Beneath this line are the data; copy exactly the part of them that opens with the line containing "CLASSIC cloakroom locker with feet – C+P" and closes with the line containing "Germania, fiore di", and only that part.

┏━━

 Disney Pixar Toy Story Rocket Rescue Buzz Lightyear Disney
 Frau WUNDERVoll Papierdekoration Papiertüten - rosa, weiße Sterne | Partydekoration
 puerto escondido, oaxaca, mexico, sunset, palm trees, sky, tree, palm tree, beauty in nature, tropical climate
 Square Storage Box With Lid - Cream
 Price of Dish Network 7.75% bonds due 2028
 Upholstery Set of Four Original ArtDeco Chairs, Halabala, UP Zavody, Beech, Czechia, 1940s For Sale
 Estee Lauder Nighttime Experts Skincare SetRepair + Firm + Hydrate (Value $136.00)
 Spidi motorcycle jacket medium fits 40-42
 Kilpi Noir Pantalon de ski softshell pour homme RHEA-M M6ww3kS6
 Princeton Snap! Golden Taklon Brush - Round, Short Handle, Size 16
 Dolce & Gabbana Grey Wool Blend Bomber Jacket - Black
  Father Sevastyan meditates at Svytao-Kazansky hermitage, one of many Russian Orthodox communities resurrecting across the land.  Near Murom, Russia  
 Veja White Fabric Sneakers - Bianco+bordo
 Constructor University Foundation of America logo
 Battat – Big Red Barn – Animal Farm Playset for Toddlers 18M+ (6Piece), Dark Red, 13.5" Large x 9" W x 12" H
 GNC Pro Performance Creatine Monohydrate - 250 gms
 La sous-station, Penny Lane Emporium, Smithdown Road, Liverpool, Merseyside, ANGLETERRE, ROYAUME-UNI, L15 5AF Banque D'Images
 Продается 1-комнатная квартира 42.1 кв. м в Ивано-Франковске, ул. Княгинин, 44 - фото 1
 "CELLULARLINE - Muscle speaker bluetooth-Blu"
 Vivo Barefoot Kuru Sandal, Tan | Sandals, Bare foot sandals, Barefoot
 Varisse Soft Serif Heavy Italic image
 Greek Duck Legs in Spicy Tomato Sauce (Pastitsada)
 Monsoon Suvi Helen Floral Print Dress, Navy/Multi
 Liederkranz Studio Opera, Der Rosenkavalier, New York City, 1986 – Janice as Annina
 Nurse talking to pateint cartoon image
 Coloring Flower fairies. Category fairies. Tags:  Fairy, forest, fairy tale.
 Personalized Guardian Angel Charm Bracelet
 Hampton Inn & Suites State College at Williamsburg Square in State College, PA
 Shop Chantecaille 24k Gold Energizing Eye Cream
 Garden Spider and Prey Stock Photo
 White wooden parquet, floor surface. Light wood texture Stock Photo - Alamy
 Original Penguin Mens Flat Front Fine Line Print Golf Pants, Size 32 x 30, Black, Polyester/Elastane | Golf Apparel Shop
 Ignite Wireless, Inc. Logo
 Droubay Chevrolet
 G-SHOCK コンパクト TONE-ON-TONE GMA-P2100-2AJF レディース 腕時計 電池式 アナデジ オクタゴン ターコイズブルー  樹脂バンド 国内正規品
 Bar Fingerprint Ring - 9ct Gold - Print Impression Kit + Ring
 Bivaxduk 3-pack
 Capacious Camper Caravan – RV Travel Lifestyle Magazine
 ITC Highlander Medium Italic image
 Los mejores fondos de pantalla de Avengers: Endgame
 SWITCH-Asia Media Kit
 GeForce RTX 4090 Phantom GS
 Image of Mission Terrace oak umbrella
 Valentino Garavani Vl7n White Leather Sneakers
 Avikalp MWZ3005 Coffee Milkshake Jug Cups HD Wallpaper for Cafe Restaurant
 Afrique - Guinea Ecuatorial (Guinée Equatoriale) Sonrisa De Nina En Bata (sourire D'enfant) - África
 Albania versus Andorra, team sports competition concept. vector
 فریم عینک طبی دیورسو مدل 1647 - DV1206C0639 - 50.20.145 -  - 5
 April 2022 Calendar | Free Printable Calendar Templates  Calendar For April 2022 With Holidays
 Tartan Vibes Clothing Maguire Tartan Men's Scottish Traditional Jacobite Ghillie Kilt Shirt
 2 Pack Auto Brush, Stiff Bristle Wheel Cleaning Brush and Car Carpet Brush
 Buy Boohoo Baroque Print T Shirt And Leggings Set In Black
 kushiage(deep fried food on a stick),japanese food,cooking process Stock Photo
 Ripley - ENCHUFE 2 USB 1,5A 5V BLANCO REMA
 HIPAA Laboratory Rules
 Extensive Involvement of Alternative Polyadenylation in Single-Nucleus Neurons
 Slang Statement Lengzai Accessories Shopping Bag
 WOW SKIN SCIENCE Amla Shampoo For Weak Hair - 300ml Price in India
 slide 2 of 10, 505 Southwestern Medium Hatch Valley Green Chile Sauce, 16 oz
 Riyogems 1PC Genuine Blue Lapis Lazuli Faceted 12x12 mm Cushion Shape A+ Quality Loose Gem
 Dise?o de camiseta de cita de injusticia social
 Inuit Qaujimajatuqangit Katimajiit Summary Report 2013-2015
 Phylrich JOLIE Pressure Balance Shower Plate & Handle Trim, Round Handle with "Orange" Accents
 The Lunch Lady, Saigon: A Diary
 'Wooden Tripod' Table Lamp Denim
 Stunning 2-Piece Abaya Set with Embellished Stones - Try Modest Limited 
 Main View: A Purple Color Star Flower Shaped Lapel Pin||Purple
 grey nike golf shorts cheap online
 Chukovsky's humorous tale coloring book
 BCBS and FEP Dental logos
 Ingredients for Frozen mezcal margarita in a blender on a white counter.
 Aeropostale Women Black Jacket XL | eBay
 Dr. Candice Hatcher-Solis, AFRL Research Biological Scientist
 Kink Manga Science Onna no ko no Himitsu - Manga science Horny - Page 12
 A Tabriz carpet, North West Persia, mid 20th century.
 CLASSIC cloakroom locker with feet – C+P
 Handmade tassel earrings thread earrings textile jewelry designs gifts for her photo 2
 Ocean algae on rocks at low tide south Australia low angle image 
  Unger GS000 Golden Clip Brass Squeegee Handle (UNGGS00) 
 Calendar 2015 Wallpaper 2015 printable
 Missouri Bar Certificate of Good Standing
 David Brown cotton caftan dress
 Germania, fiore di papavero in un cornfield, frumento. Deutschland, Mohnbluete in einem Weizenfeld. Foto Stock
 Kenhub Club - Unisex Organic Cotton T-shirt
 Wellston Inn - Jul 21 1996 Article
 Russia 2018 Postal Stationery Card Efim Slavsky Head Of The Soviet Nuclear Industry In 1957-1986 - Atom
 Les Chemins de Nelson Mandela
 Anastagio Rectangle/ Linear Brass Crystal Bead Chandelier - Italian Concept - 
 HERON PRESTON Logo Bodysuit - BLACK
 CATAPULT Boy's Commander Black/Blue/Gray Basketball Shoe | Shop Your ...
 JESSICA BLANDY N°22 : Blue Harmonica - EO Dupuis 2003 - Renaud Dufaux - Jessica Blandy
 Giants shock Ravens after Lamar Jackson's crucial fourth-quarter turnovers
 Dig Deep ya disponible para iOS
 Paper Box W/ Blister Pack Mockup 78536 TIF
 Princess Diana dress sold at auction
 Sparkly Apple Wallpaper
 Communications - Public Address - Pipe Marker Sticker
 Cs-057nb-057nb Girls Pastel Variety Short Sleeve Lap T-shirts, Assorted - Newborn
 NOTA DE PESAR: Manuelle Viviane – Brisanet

┗━━

:: Written answer ::
 CLASSIC cloakroom locker with feet – C+P
 Handmade tassel earrings thread earrings textile jewelry designs gifts for her photo 2
 Ocean algae on rocks at low tide south Australia low angle image 
  Unger GS000 Golden Clip Brass Squeegee Handle (UNGGS00) 
 Calendar 2015 Wallpaper 2015 printable
 Missouri Bar Certificate of Good Standing
 David Brown cotton caftan dress
 Germania, fiore di papavero in un cornfield, frumento. Deutschland, Mohnbluete in einem Weizenfeld. Foto Stock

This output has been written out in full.